[Stored data]
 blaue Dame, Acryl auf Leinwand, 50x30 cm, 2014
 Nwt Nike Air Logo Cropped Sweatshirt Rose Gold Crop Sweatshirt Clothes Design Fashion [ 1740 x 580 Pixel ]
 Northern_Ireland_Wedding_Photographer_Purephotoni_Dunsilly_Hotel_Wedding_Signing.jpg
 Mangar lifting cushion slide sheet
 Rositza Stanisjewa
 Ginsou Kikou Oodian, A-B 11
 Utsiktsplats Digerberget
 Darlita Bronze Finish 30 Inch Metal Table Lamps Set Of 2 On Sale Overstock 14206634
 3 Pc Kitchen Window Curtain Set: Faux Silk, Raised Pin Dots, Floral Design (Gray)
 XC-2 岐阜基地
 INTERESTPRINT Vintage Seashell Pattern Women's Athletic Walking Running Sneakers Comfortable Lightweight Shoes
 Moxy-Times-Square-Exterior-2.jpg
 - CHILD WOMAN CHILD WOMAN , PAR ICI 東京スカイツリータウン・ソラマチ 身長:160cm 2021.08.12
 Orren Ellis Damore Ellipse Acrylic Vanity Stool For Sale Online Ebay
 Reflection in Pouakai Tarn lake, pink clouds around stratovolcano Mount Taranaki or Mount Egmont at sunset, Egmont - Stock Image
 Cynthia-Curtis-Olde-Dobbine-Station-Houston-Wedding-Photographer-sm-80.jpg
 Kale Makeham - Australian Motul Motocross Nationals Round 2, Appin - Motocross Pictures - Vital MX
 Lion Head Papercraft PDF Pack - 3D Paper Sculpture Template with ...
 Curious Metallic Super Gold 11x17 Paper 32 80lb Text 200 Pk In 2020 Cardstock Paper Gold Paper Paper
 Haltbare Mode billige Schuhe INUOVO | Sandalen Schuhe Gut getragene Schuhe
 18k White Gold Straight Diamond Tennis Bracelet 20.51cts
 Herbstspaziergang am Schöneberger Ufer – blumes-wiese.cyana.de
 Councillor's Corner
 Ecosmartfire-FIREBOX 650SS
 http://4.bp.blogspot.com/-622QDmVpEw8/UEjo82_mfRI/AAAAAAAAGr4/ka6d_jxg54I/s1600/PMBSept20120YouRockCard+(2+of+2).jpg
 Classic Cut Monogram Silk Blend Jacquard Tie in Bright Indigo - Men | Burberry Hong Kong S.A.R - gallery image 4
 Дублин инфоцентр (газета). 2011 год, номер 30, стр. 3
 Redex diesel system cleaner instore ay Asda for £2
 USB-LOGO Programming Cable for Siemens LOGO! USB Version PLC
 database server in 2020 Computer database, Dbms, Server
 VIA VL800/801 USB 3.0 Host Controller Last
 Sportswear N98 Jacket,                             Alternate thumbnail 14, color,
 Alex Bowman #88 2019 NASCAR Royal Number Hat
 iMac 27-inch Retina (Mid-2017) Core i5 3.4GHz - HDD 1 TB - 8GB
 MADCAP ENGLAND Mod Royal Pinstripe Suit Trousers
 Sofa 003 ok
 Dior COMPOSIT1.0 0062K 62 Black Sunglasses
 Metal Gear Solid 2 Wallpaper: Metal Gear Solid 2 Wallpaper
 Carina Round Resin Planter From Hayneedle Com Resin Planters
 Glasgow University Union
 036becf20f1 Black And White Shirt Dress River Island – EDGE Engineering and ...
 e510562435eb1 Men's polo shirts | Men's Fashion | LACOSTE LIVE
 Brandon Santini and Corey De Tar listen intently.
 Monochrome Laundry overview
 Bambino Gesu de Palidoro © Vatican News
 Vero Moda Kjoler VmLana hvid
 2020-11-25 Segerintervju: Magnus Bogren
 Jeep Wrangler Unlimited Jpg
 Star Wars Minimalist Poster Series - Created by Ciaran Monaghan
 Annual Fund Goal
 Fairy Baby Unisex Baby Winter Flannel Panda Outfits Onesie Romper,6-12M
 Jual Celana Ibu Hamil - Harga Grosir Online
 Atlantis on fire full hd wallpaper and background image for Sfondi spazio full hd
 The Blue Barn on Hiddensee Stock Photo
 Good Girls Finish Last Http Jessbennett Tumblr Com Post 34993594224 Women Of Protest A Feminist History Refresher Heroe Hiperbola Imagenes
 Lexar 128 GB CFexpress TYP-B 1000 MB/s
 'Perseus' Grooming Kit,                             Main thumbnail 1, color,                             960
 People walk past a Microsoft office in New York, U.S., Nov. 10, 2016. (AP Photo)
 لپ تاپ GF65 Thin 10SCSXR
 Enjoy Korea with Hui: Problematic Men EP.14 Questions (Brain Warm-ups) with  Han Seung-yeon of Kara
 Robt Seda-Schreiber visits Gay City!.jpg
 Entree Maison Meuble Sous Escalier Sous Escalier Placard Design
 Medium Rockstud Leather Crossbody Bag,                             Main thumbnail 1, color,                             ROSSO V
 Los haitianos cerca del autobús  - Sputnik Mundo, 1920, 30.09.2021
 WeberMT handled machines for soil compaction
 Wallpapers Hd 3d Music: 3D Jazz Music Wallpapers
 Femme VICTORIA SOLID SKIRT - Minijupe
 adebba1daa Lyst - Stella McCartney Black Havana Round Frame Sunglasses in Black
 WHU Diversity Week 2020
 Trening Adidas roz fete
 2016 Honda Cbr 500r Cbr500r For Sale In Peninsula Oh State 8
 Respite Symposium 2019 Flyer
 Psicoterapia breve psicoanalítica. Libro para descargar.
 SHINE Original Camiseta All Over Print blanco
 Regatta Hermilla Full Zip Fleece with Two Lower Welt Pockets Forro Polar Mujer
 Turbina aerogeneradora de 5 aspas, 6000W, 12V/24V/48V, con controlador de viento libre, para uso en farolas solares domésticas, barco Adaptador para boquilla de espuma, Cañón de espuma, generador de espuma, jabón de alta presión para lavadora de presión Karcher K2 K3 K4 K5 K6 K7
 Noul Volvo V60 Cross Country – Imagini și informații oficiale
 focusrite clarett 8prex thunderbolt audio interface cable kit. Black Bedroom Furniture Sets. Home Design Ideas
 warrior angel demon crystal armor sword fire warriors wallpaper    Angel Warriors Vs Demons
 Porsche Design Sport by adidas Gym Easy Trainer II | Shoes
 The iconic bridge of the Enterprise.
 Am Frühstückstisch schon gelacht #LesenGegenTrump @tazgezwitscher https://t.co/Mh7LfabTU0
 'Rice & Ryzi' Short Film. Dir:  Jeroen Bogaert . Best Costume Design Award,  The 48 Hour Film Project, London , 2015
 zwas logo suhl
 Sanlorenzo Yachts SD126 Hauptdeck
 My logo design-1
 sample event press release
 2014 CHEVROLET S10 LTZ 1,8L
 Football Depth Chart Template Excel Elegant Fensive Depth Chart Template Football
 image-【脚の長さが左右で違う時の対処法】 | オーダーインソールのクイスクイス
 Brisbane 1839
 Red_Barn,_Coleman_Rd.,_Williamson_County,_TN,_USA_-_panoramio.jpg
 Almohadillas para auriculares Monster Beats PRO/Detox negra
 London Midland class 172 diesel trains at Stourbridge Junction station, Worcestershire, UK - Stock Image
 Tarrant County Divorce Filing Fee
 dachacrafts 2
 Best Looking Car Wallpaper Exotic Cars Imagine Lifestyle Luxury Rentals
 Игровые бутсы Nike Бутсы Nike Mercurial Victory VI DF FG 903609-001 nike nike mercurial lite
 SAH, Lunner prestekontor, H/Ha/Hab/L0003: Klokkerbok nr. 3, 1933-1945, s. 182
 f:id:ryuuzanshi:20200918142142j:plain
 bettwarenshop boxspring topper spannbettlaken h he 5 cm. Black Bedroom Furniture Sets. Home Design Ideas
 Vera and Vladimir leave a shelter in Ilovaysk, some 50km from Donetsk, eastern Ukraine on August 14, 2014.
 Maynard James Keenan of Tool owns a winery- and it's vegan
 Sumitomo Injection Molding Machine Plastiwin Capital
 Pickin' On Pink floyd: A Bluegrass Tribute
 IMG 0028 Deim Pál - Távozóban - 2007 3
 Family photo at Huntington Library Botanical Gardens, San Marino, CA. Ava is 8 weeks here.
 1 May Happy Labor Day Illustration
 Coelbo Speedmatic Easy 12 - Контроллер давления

PROBLEM REQUIREMENTS
Go to the line with "2014 CHEVROLET S10 LTZ 1,8L" in the entries above and repeat every line from there through the line with "f:id:ryuuzanshi:20200918142142j:plain", exactly and with no other text.

RESPONSE BELOW
 2014 CHEVROLET S10 LTZ 1,8L
 Football Depth Chart Template Excel Elegant Fensive Depth Chart Template Football
 image-【脚の長さが左右で違う時の対処法】 | オーダーインソールのクイスクイス
 Brisbane 1839
 Red_Barn,_Coleman_Rd.,_Williamson_County,_TN,_USA_-_panoramio.jpg
 Almohadillas para auriculares Monster Beats PRO/Detox negra
 London Midland class 172 diesel trains at Stourbridge Junction station, Worcestershire, UK - Stock Image
 Tarrant County Divorce Filing Fee
 dachacrafts 2
 Best Looking Car Wallpaper Exotic Cars Imagine Lifestyle Luxury Rentals
 Игровые бутсы Nike Бутсы Nike Mercurial Victory VI DF FG 903609-001 nike nike mercurial lite
 SAH, Lunner prestekontor, H/Ha/Hab/L0003: Klokkerbok nr. 3, 1933-1945, s. 182
 f:id:ryuuzanshi:20200918142142j:plain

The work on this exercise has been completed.